+++ Records provided +++

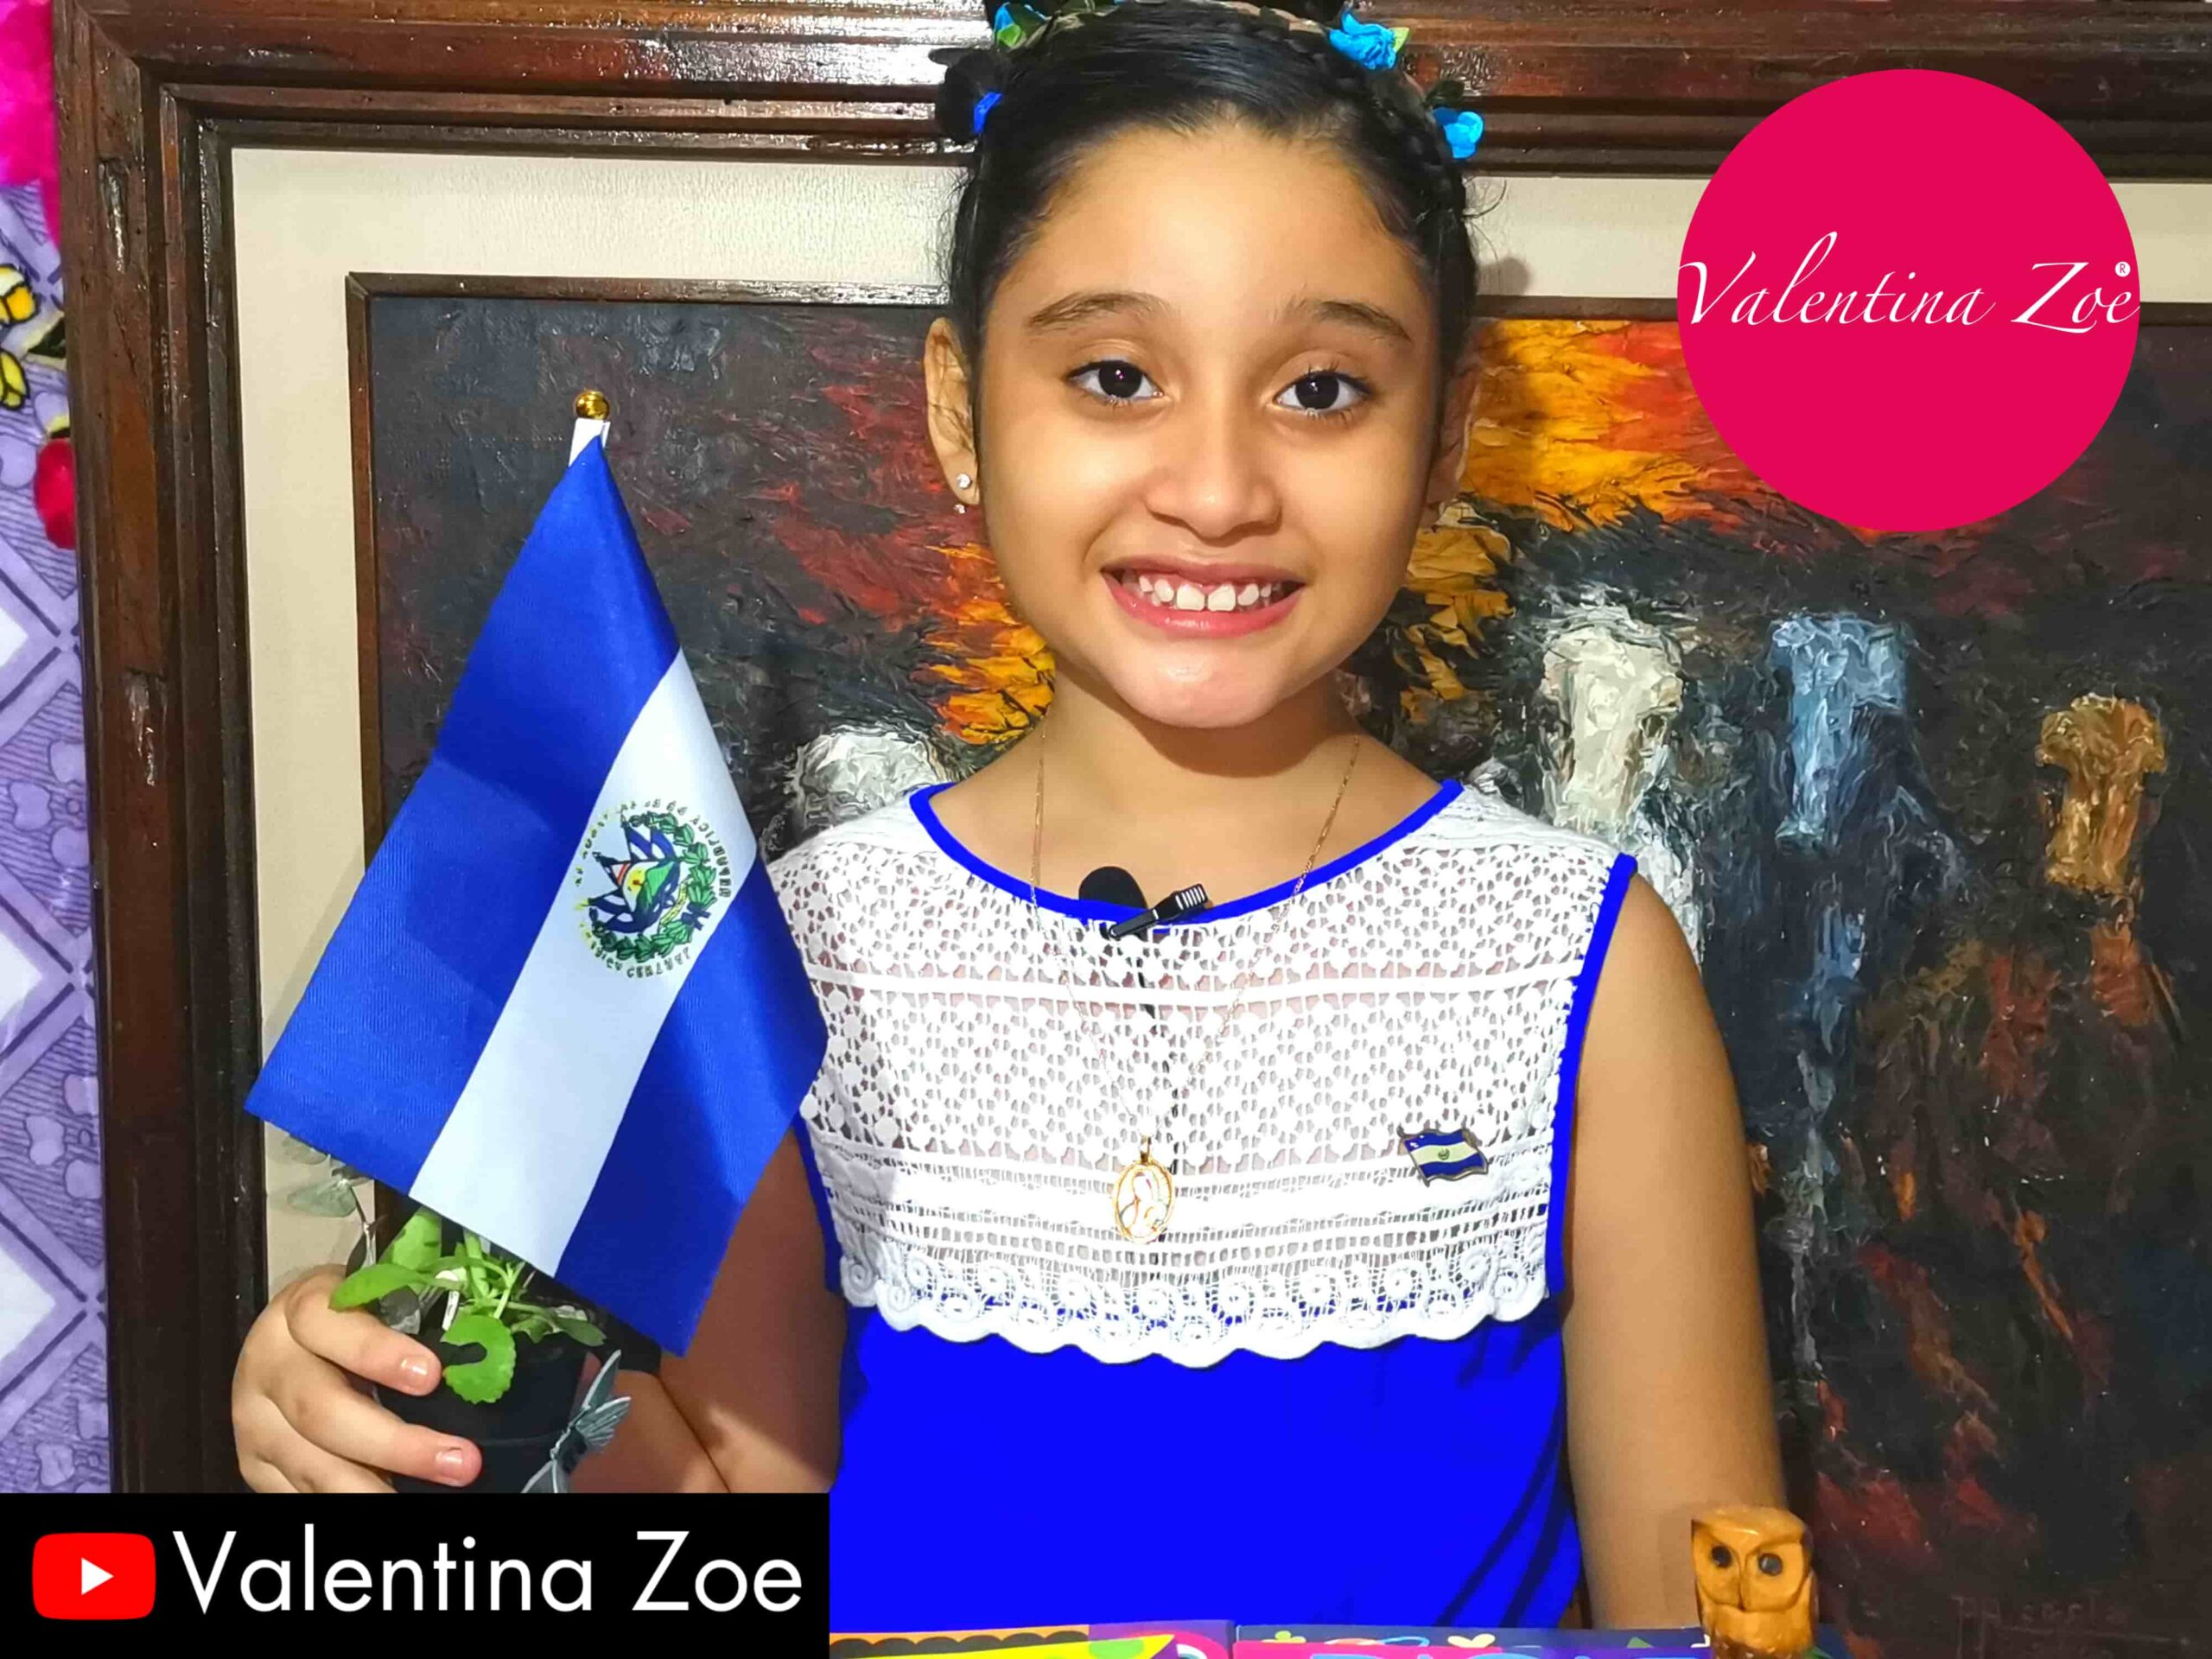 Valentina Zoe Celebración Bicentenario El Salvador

+++
+++ Records provided +++

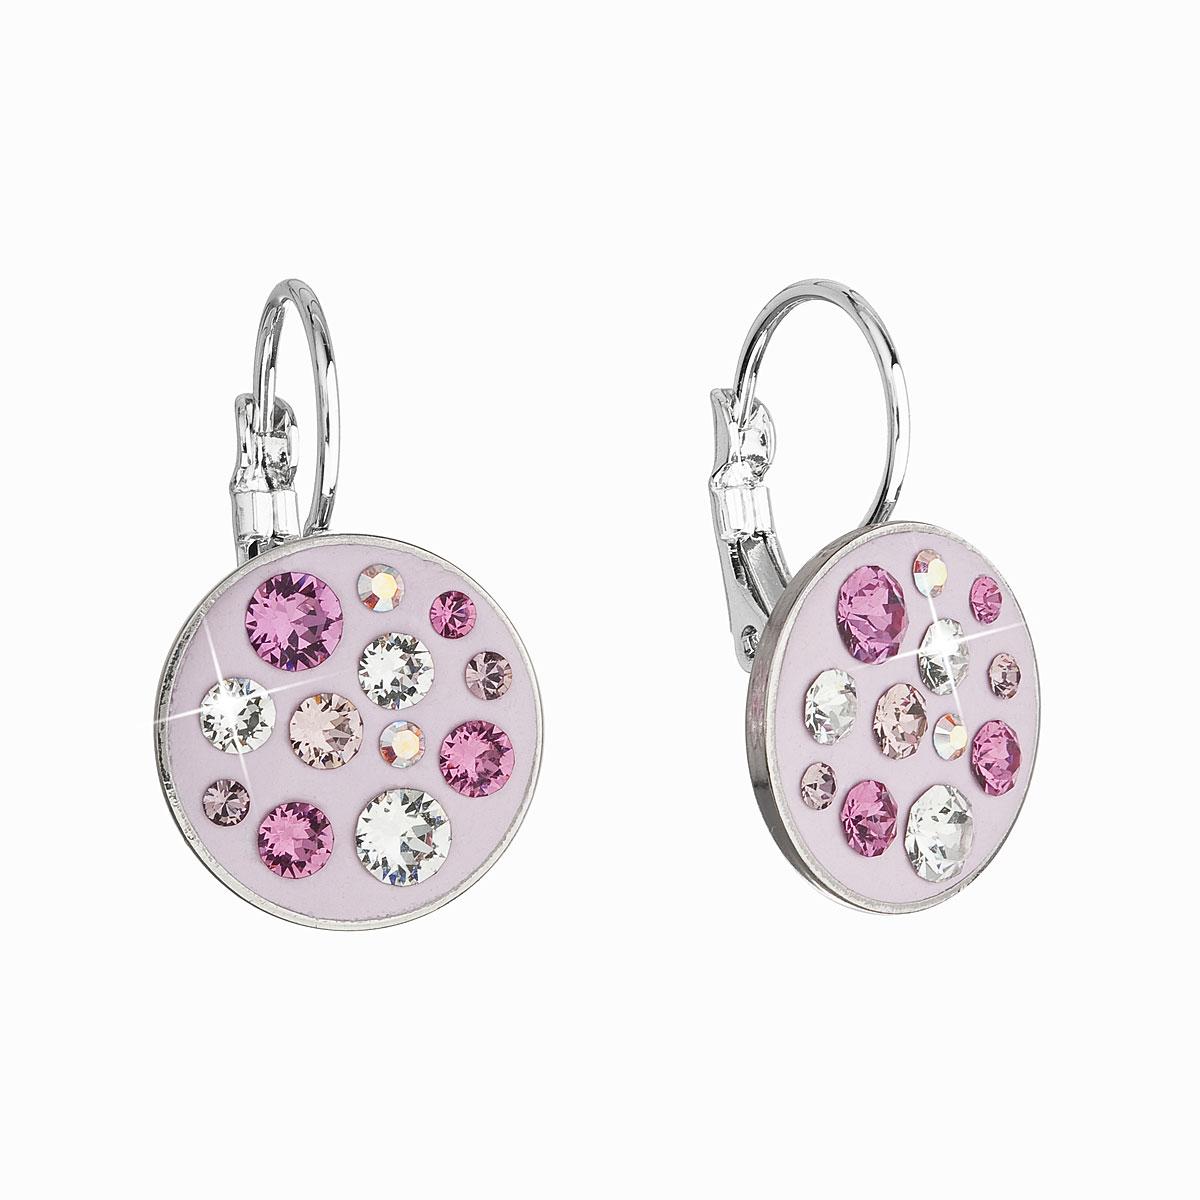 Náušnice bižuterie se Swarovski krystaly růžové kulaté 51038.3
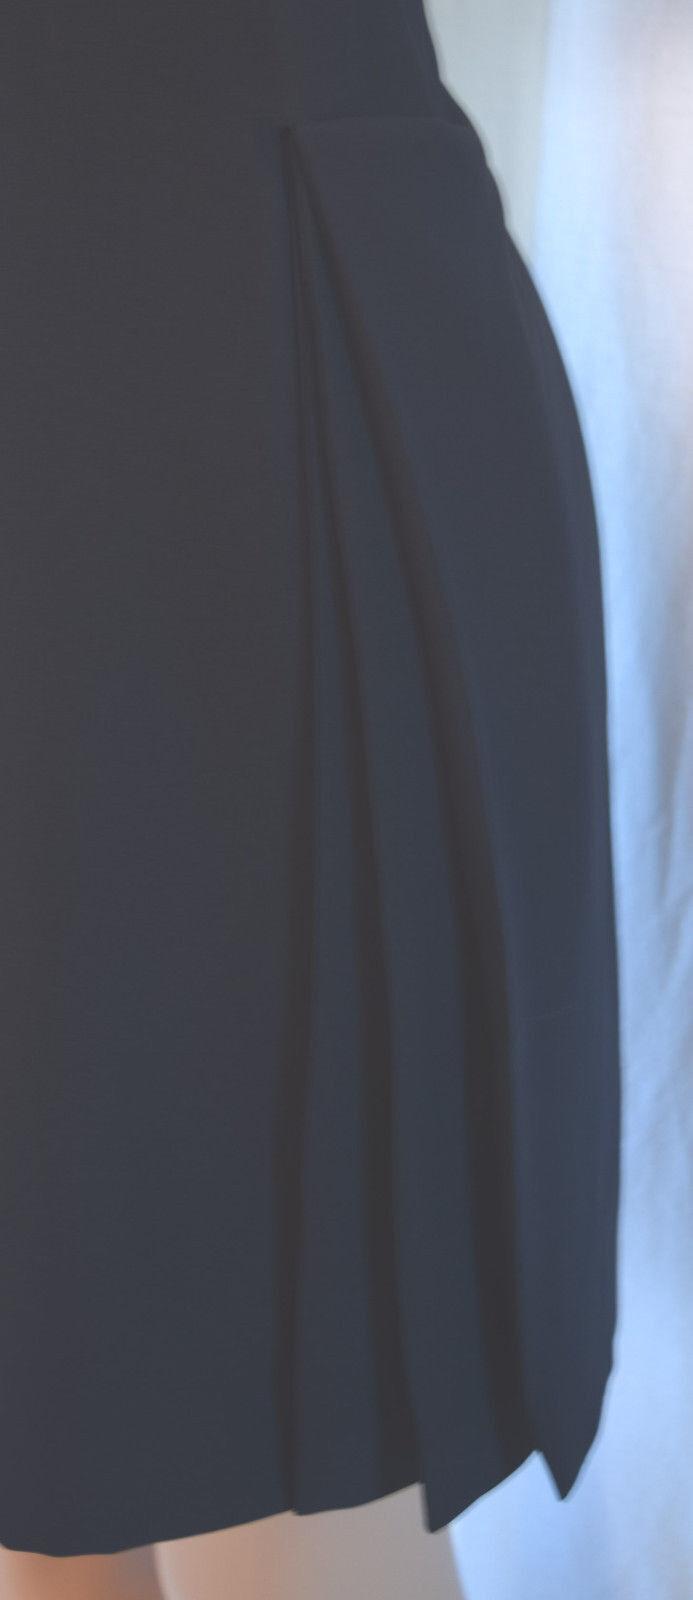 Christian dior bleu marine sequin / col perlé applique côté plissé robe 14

+++

Exercise directions –
For the entries above, print exactly the lines between the one with "Náušnice bižuterie se" and the one with "Christian dior bleu", inclusive, with no pictures.

Reply –
 Náušnice bižuterie se Swarovski krystaly růžové kulaté 51038.3
 Christian dior bleu marine sequin / col perlé applique côté plissé robe 14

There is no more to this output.